■ Required action ■
Would you give the listing again exactly, without its images?

■ Provided data ■
┄┄┄┄┄┄┄┄┄┄┄┄┄┄┄┄┄┄┄┄

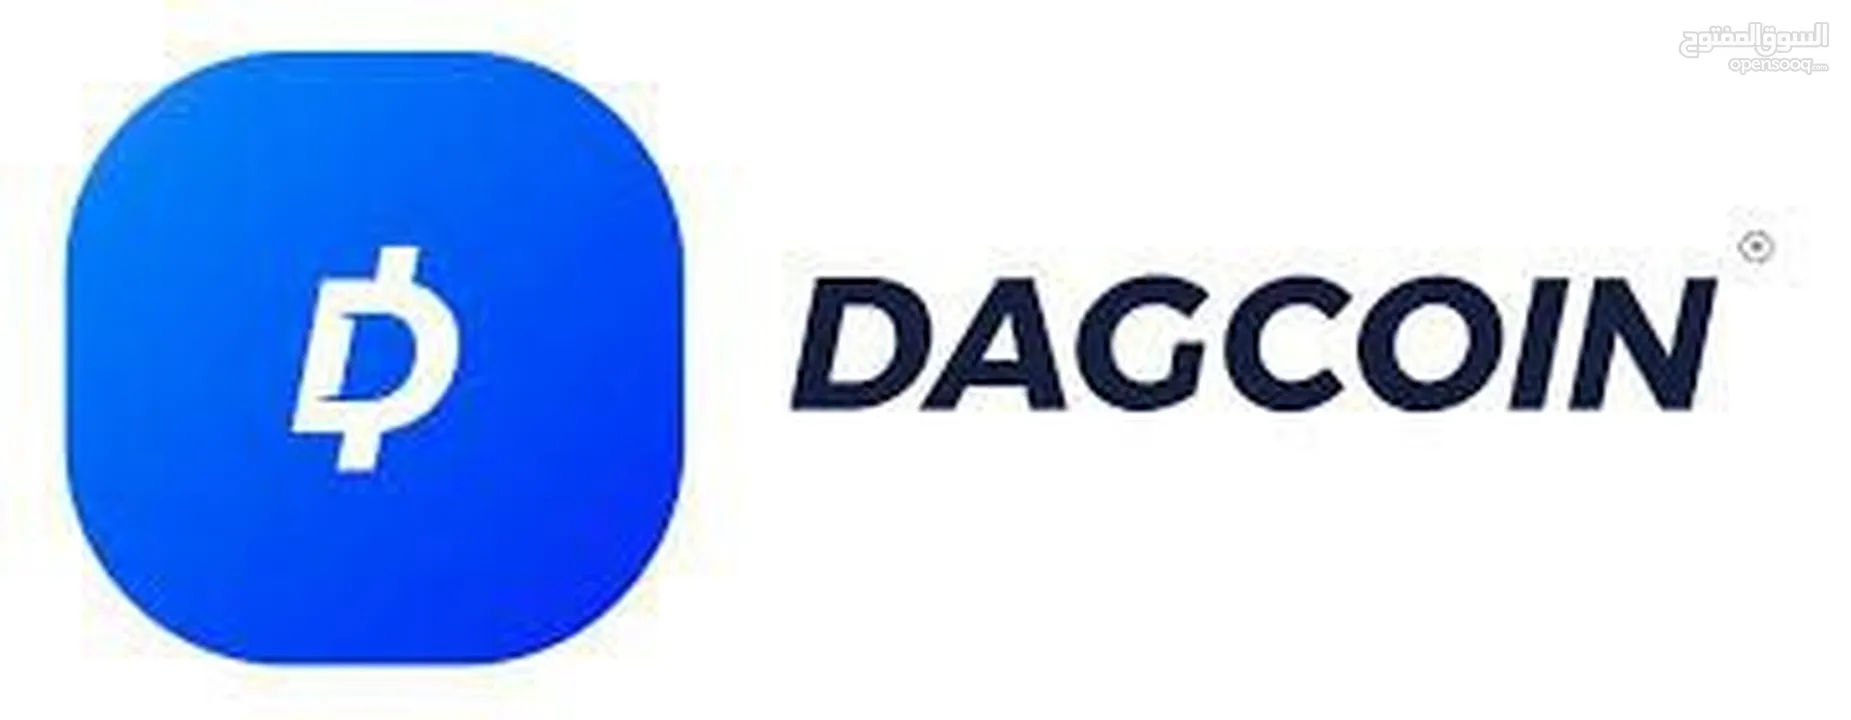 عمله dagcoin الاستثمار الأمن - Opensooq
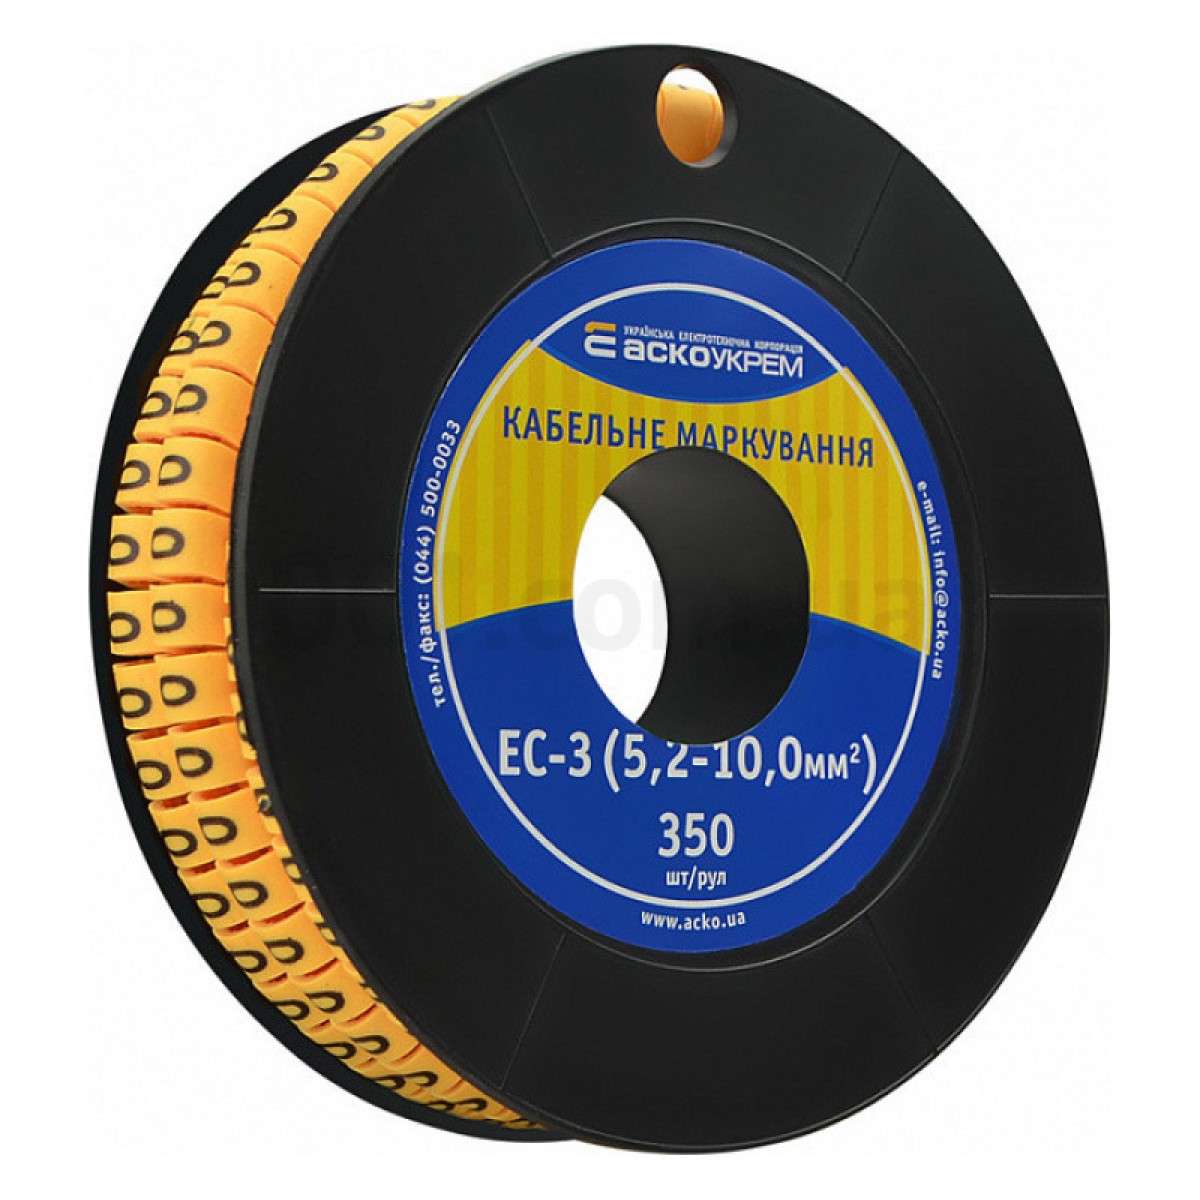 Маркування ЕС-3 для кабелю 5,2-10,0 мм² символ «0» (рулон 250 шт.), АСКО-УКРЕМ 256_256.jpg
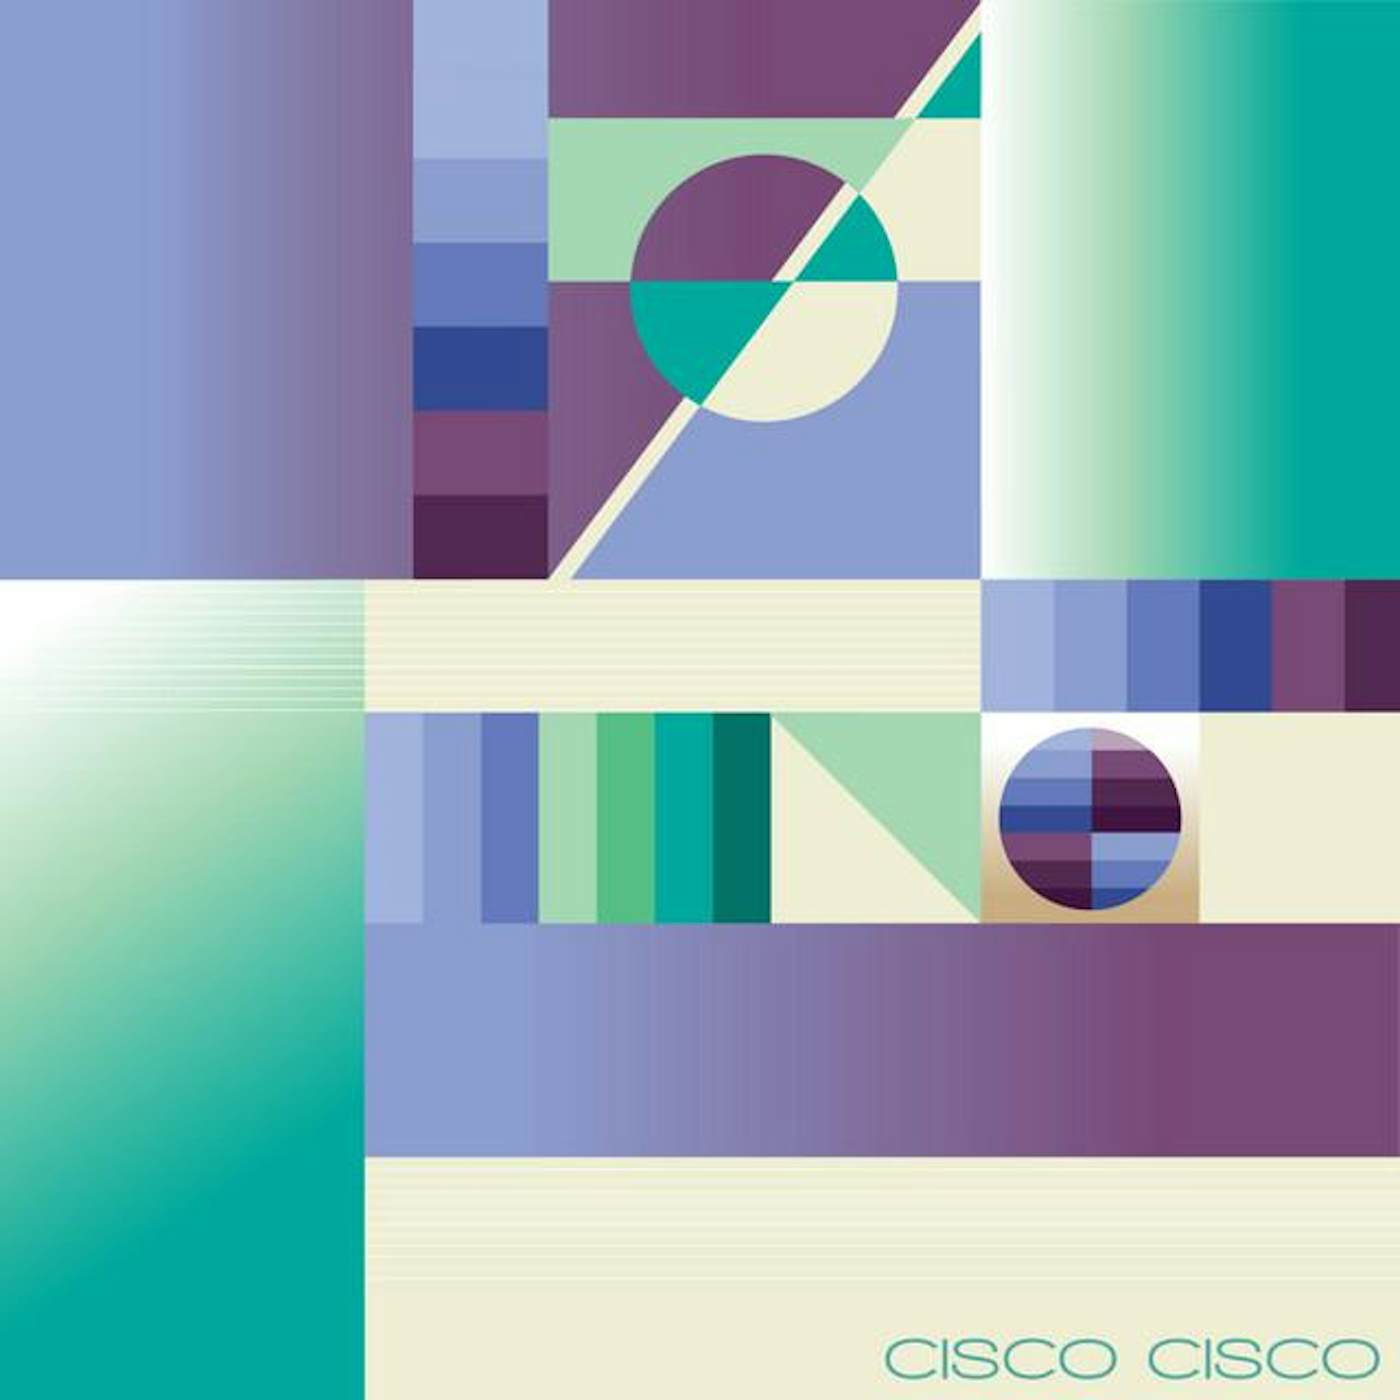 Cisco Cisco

┄┄┄┄┄┄┄┄┄┄┄┄┄┄┄┄┄┄┄┄

■ Worked solution ■
 عمله dagcoin الاستثمار الأمن - Opensooq
 Маркування ЕС-3 для кабелю 5,2-10,0 мм² символ «0» (рулон 250 шт.), АСКО-УКРЕМ 256_256.jpg
 Cisco Cisco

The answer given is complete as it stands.